Comment: Normally I might not mention an isolated case of racism. But this ties into the larger picture of racism in Rapid City and South Dakota.
It also caused a small stir on Facebook and Twitter. It's good to remind everyone that people are watching. They'll crack down on any example of racism that gets publicity.
For more on the subject, see Traversie Case Was the Catalyst and Natives Experience Racism Every Day.
Its amazing that SOME non-natives still maintain the idea that indigenous peoples are foreign or somehow should be segregated. Reservations are a reminder that America is only Anglo in name and in some ways an admission that whites have no spiritual connection to the land other than in terms of paper laws, violence and imagination.

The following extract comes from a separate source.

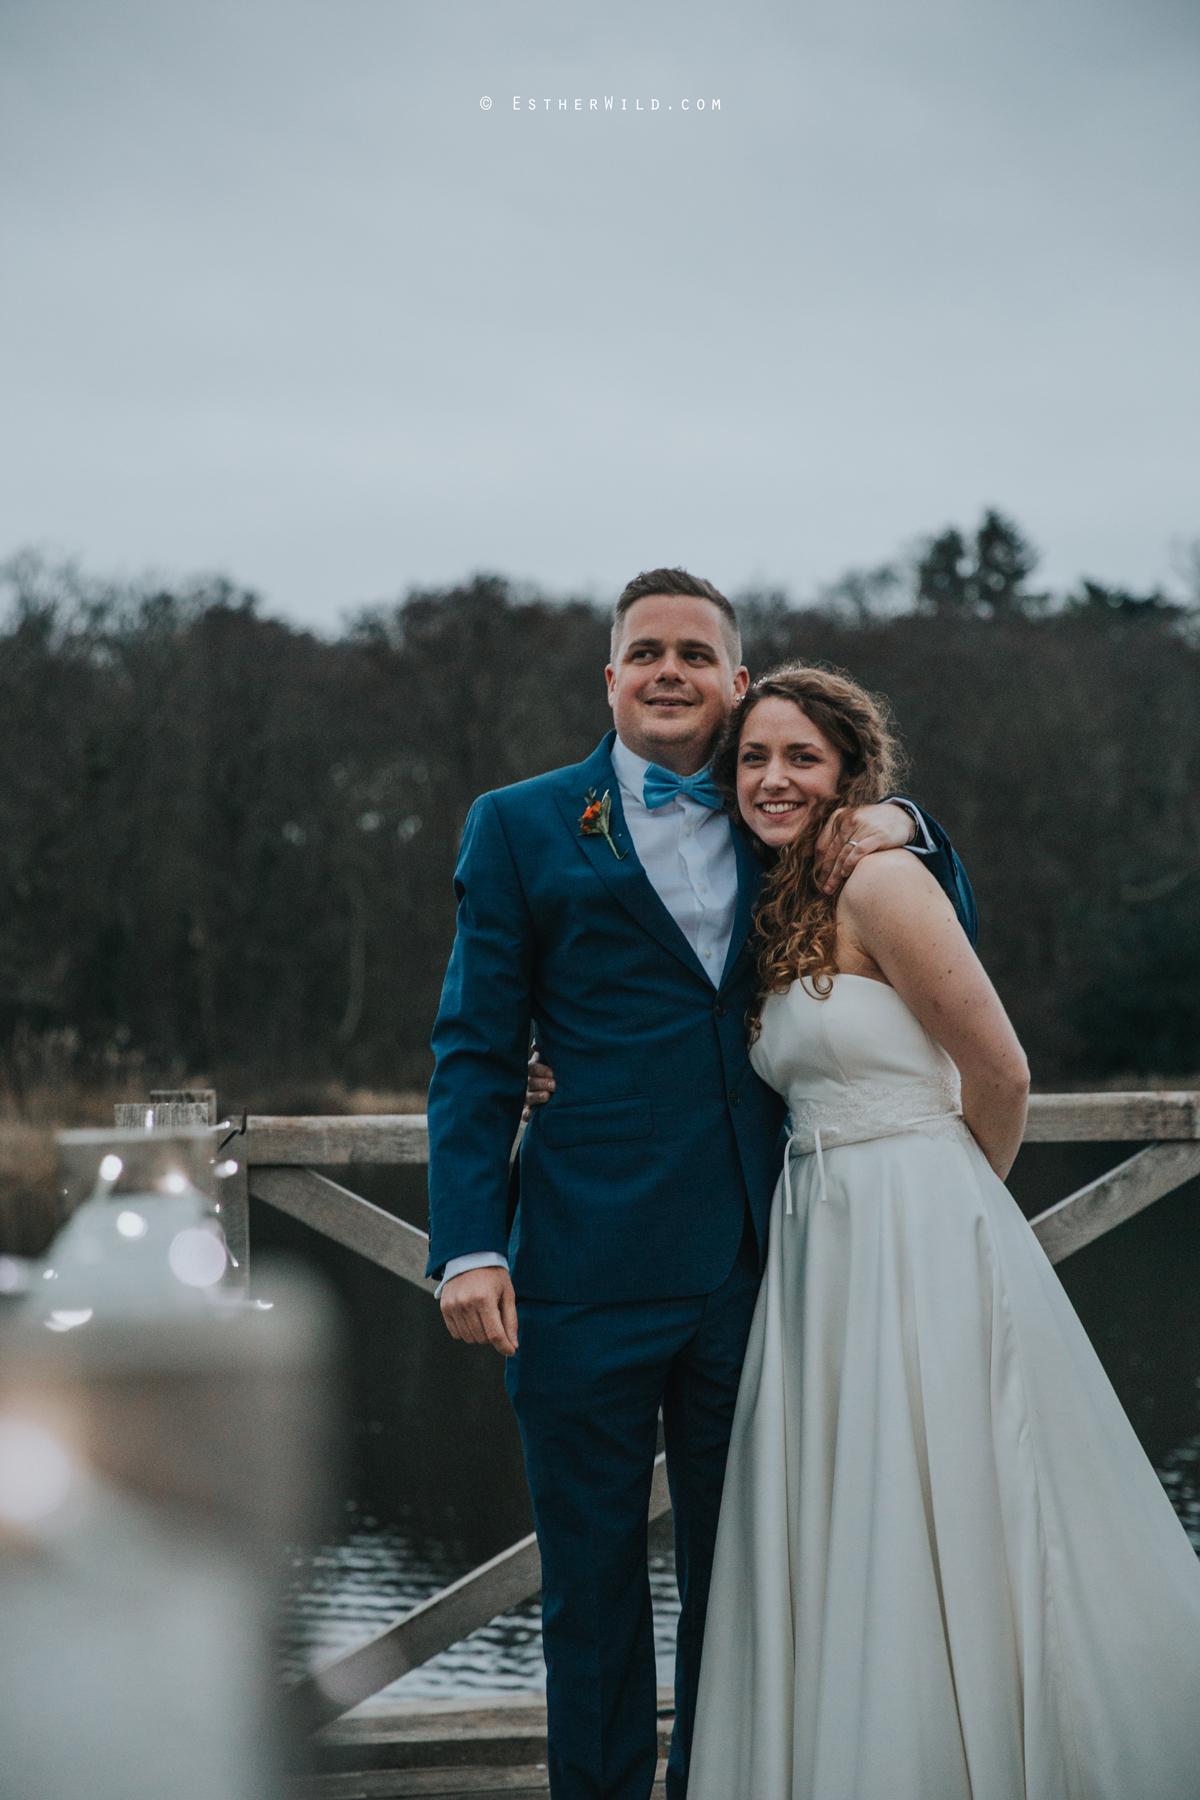 The_BoatHouse_Wedding_Venue_Ormesby_Norfolk_Broads_Boat_Wedding_Photography_Esther_Wild_Photographer_IMG_3372.jpg

For more on the subject, see:
Target of hate says he's staying at SDSU
Native American student wants to be role model for his family
“Thirty years ago, I think there was a different way of reacting to things,” LaPlante said. “When the voices aren’t being heard and people are speaking but nobody is listening, I think folks do tend to resort to more activist measures, and justifiably so.
“Fortunately today, there is a culture of dialogue and a culture of conversation taking place. We’re very proud to be taking part in that.”
He saw the fruits of that conversation expressed last week on the editorial pages of SDSU’s Collegian newspaper. Non-native students were collectively condemning the hate message, and the paper’s lead editorial branded it “unacceptable” and insisted it shouldn’t be happening on its campus.
“If you look at how they have responded to this situation, both the administration and students at SDSU, that’s all the indication you need to see how far we’ve come,” LaPlante said. “You can see that culture has taken root and has gained traction and gained ground in our state.”
All I have to say is hypocrites Indian`s bitch and complain white man did this,white man stole that,the creator is this the creator is that,then they sit down and eat turkey at Thanks Giving and christmas,time to get over it either you eat turkey or you dont.
Anonymous directly above - what are you talking about. This is about a blatant display of racism aimed at Native Americans, wtf does eating turkey have to do with it.
Eating turkeys has nothing to do with challenging "Thanksgiving" either. Eating turkey isn't limited to Thanksgiving and Christmas.
Anon said: "...that whites have no spiritual connection to the land..."
And your response to the subject of racism raised in the parent post includes some racism of you own. Really mindless racism, at that.
As I've noted before, Anonymous #2, Indians have mixed feelings about Thanksgiving:
Some Indians hold another kind of celebration, or treat it as a day of mourning. But unlike Columbus Day, Thanksgiving isn't an anti-Indian holiday. There's no reason Indians can't be thankful for whatever they have.
Therefore, there's no hypocrisy here. And your comment misses the mark badly.